**Description of the task**
Your answer should hold exactly the lines below from the line with "Du lịch hội chùa khám phá Đài Bắc" through the line with "Стильный мужской зажим", both included, and no pictures at all.

[Entries supplied Boundary: Start]

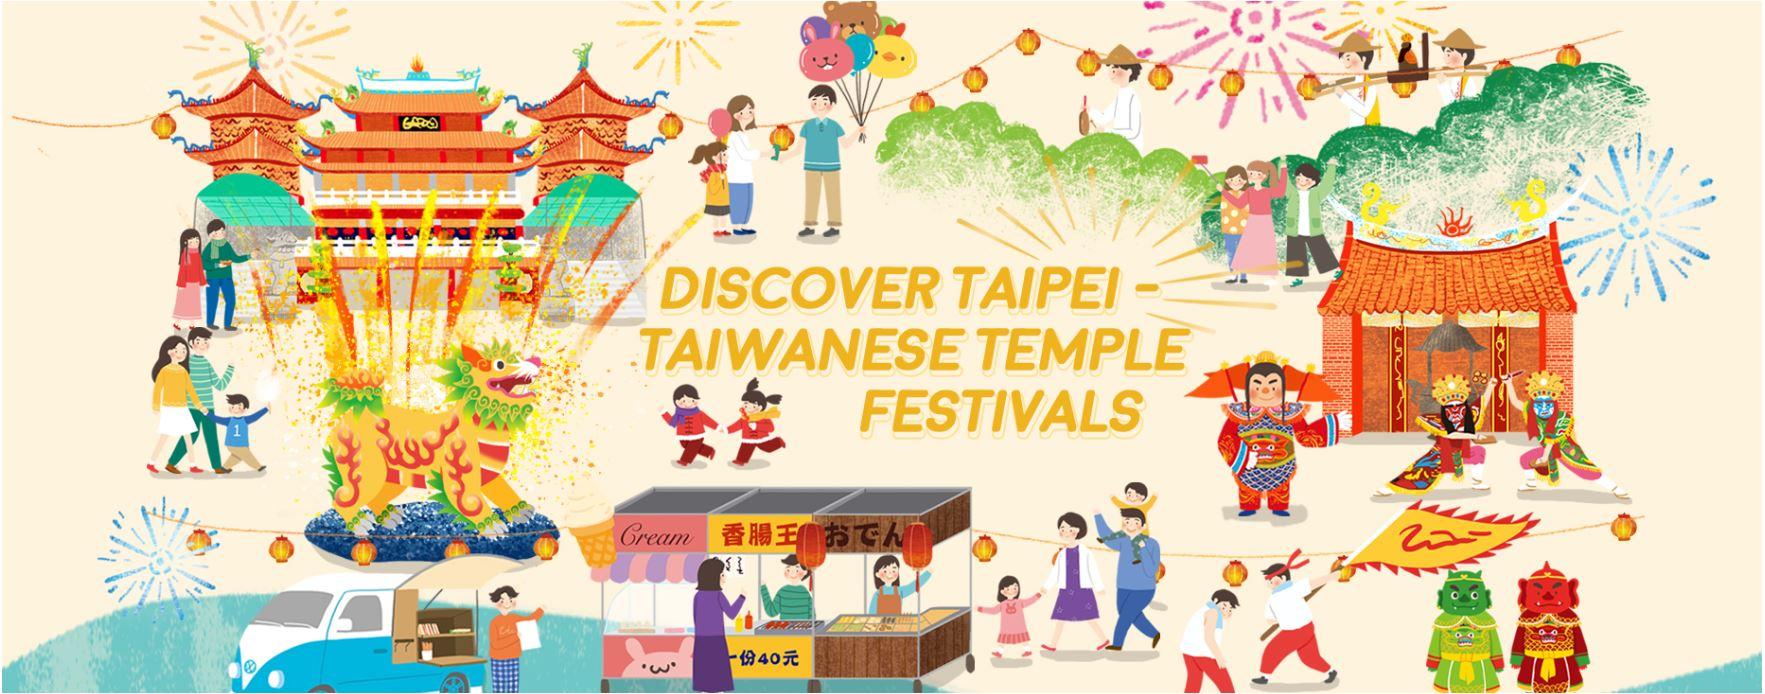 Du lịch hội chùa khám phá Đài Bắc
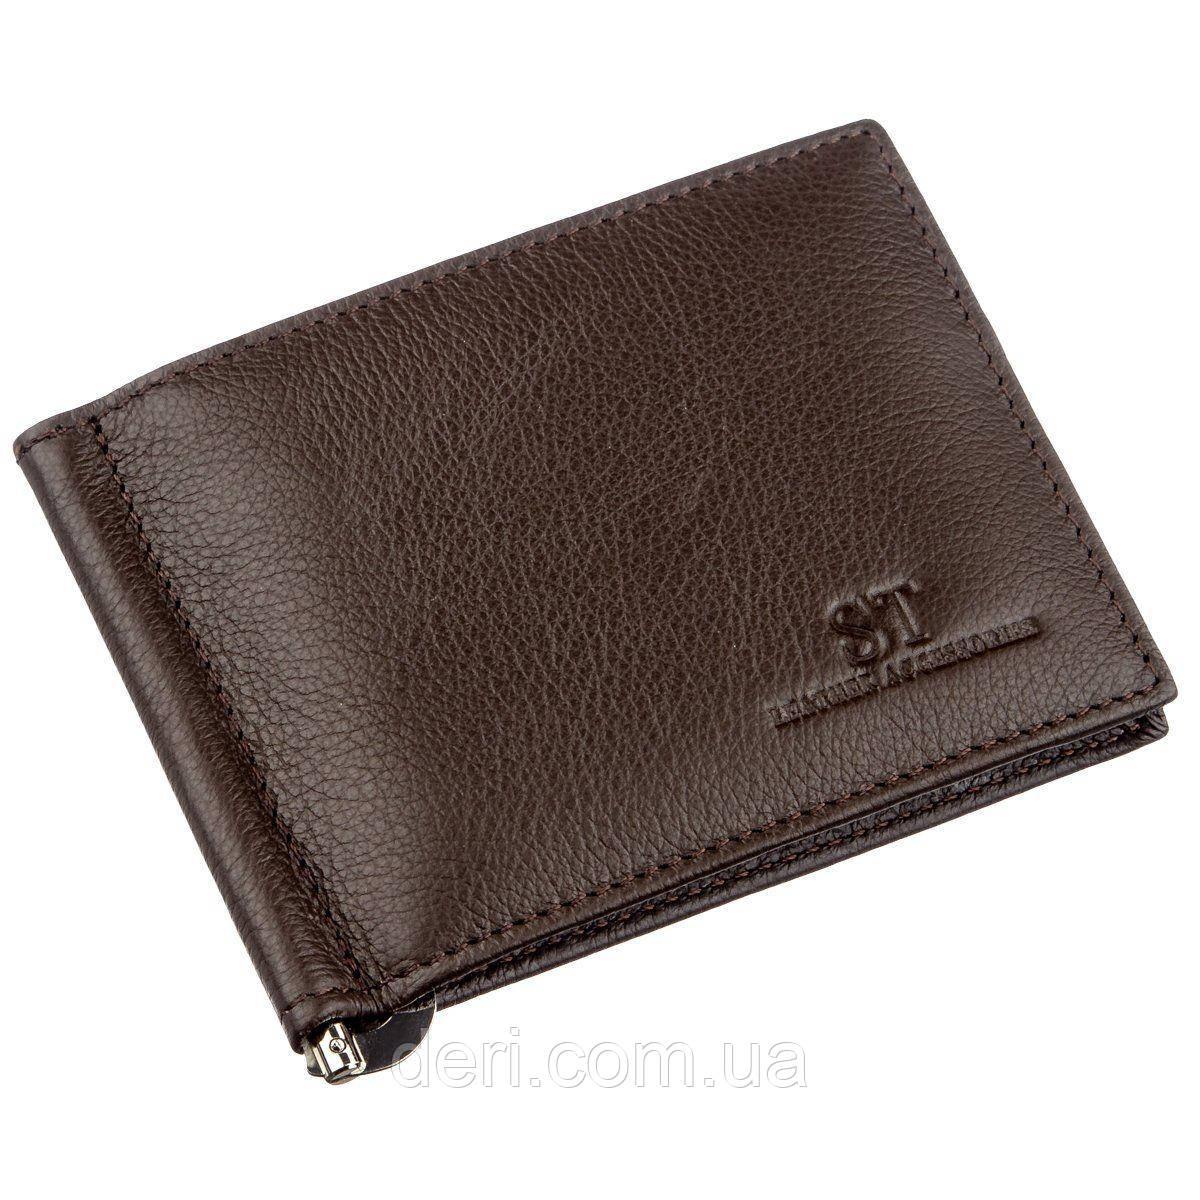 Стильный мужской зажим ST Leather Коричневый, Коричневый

[Entries supplied Boundary: End]
[Entries supplied Boundary: Start]

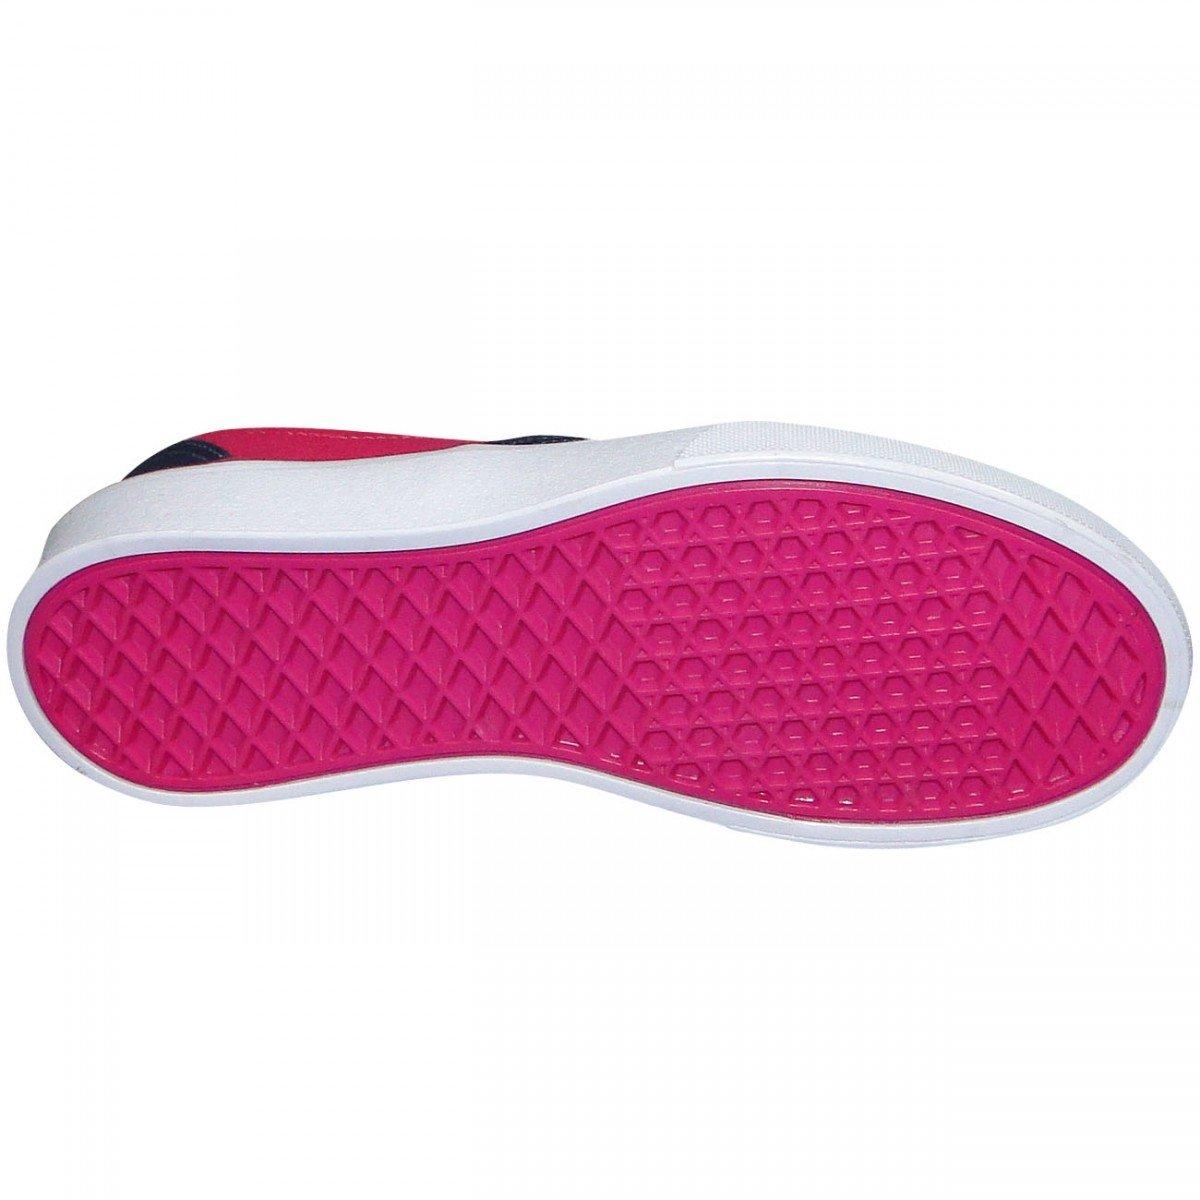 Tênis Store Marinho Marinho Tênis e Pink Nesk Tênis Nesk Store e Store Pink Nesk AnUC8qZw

[Entries supplied Boundary: End]

**Expected answer**
 Du lịch hội chùa khám phá Đài Bắc
 Стильный мужской зажим ST Leather Коричневый, Коричневый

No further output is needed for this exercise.